Dr. Umesh Jain is now exclusively responsible for TotallyADD.com and its content

Re: Spouse of (potentially, but most likely) ADHD son and husband

Re: Spouse of (potentially, but most likely) ADHD son and husband2011-03-06T22:41:45+00:00

The Forums Forums For The Non-ADD It Runs In Families Spouse of (potentially, but most likely) ADHD son and husband Re: Spouse of (potentially, but most likely) ADHD son and husband

#101625

jpsimard
Member
Post count: 50

Hello Greta,

It is entirely possible that your husband might have ADD/ADHD, just from what you’ve described. That being said, I’m a professional musician, and not a psychiatrist. I’d like to take a stab at answering your questions, at least from my own limited experience.

1) There has to be people out there feeling the same way. I wouldn’t doubt that AT ALL.

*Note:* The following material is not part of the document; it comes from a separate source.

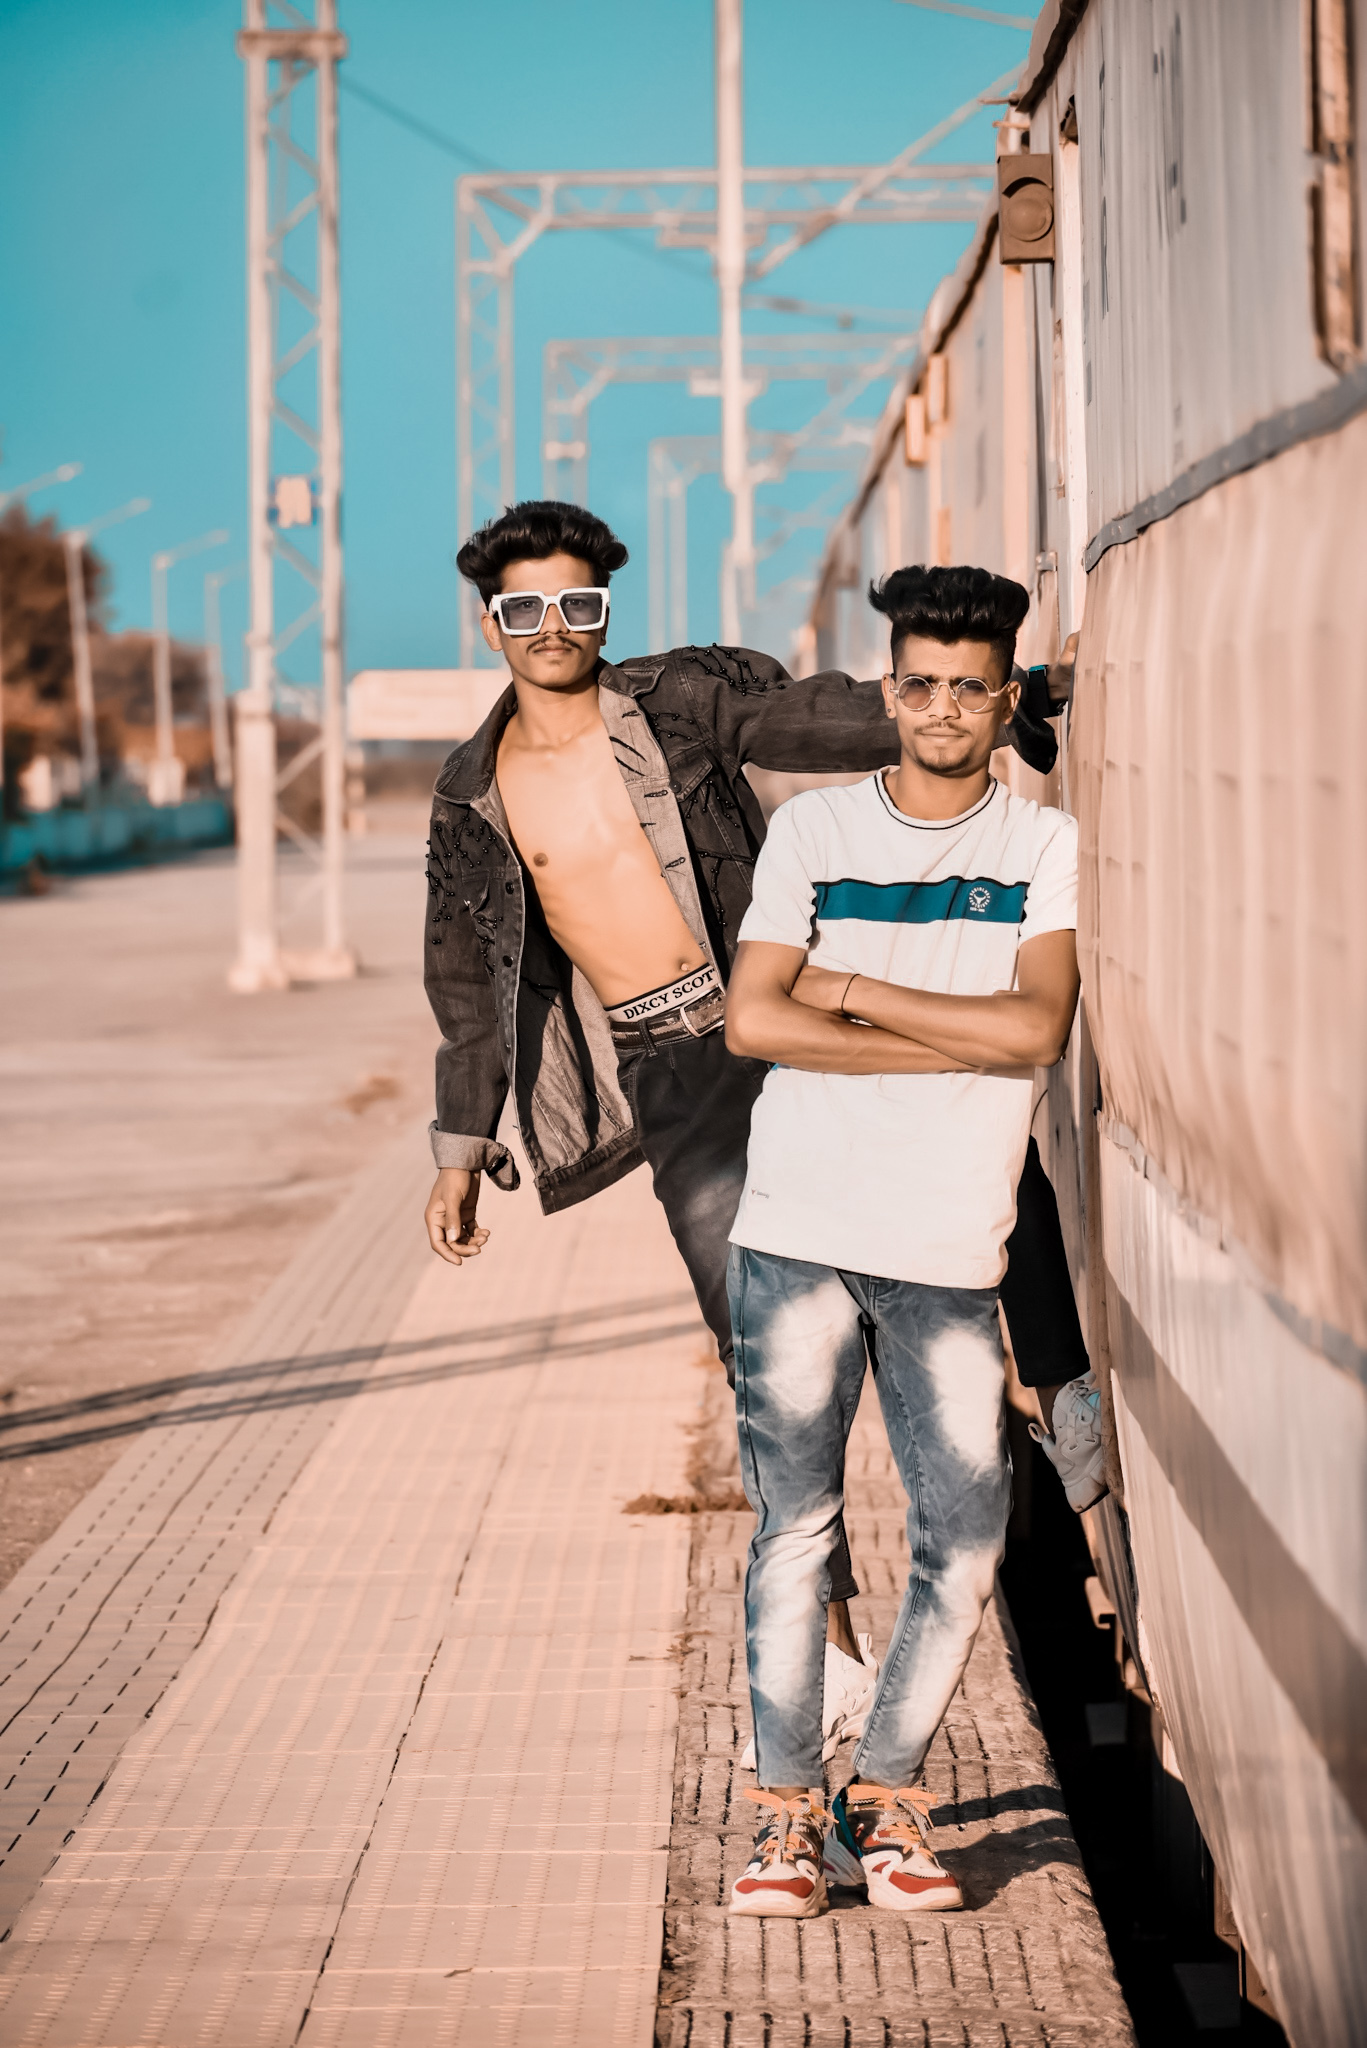 Two boys posing roadside
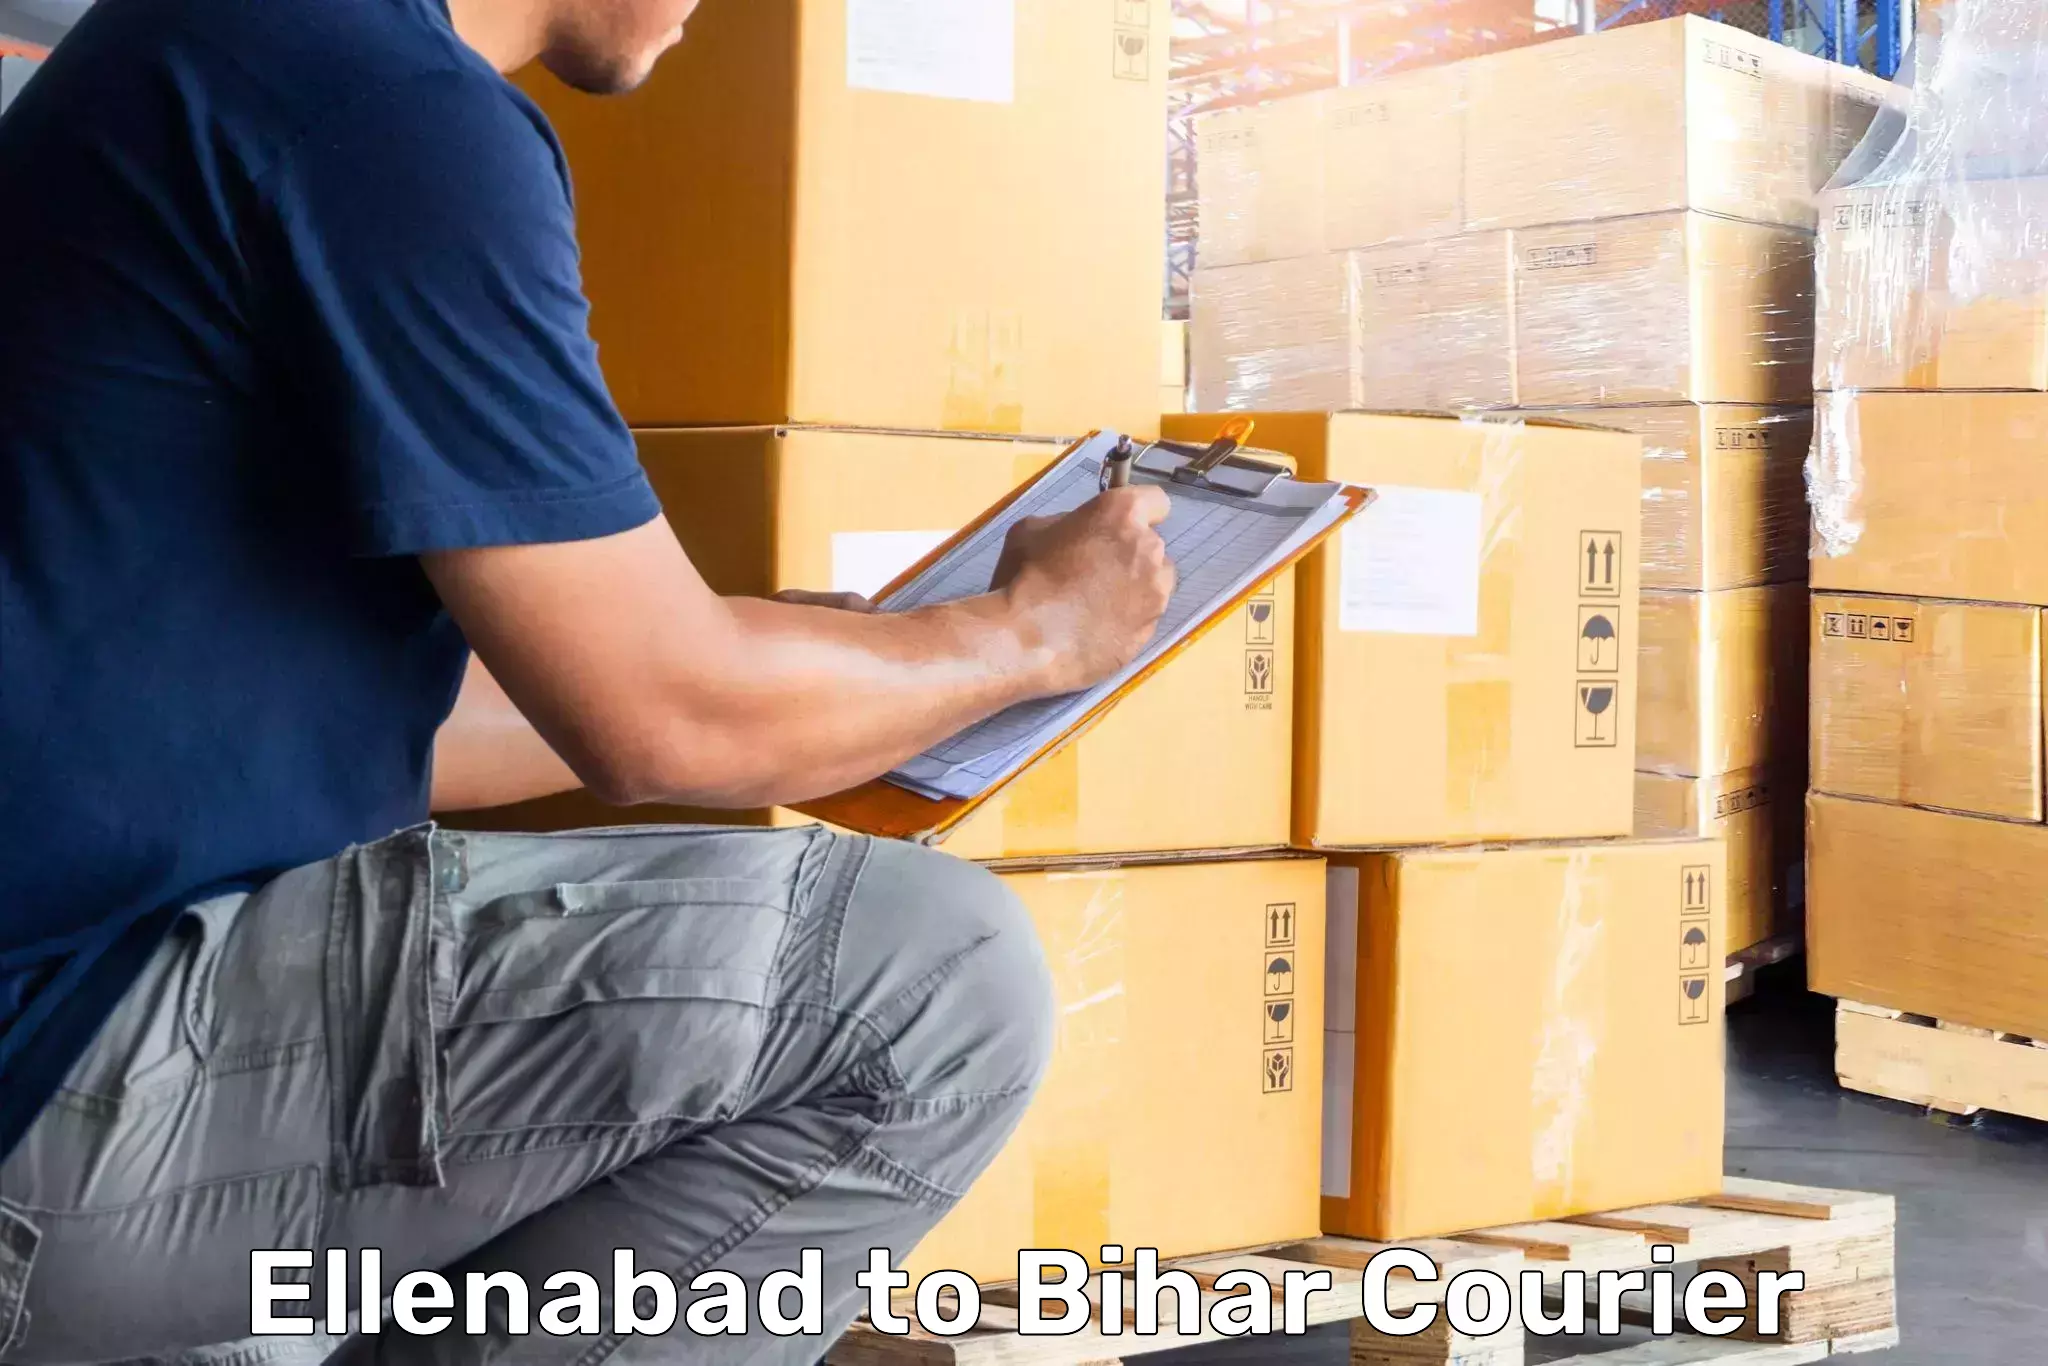 Luggage transport company Ellenabad to Mahnar Bazar

2) Your second question is more of an (un-stated) two parter. Given the stigma that “mental illness” has, I wouldn’t be too surprised if your mother in law is entirely biased against it. Why would someone want to think that their child has a “defect”. (I disagree, and feel it is a gift, not a defect!)

As for approaching your husband on this…. this is delicate, and hard, and if it is anything like what happened to me… it’s going to be difficult. My girlfriend (of eight years) approached me TWICE on the subject of getting evaluated. The first time I said flat out “No!” and I was -incredibly- upset that she could possibly think that I have this “defect.” The second time… she was so earnest, almost heart breakingly so, that I said that I would -consider- it. I then forgot about it (COMMON ADD/ADHD PROBLEM!) until one night, I was channel surfing and my curiosity alighted me on ADD and LOVING IT?! From that, I took the test on this site… and the rest is history. I should also add that this all occured within the last three months or so.

So my advice to you, based only on MY LIMITED EXPERIENCE would be to work on your relationship with your husband. After five years of obvious strain, any approach you would make MIGHT seem like an attack on him. (Based on my own bias, here). The only reason I was able to hear what my girlfriend had to say is that we were actively working on improving our relationship. I’d HIGHLY RECOMMEND that you follow Dr. Ned’s advice from this blog post:

http://totallyadd.com/20-marriage-tips-from-dr-ned-hallowell/

NOW. All of that being said, with my add rant complete… I think the easiest way to approach your husband is through your son. I’m not saying that you use your son as a pawn, but you might want to talk to your family physician about your son, and about your concerns about him. If the process leads to a diagnosis you’ll be saving your son a whole lifetime worth of “issues”, and as a part of the assessment process, they’ll want to talk to your husband. Every parent loves their child without question, and I feel like that MIGHT be a good way to get him at least to open his mind about it.

That being said, we ADDers are an observant bunch with a brain that runs like a Ferrari. Approach this as honestly as you can, and I’d start by working on the marriage.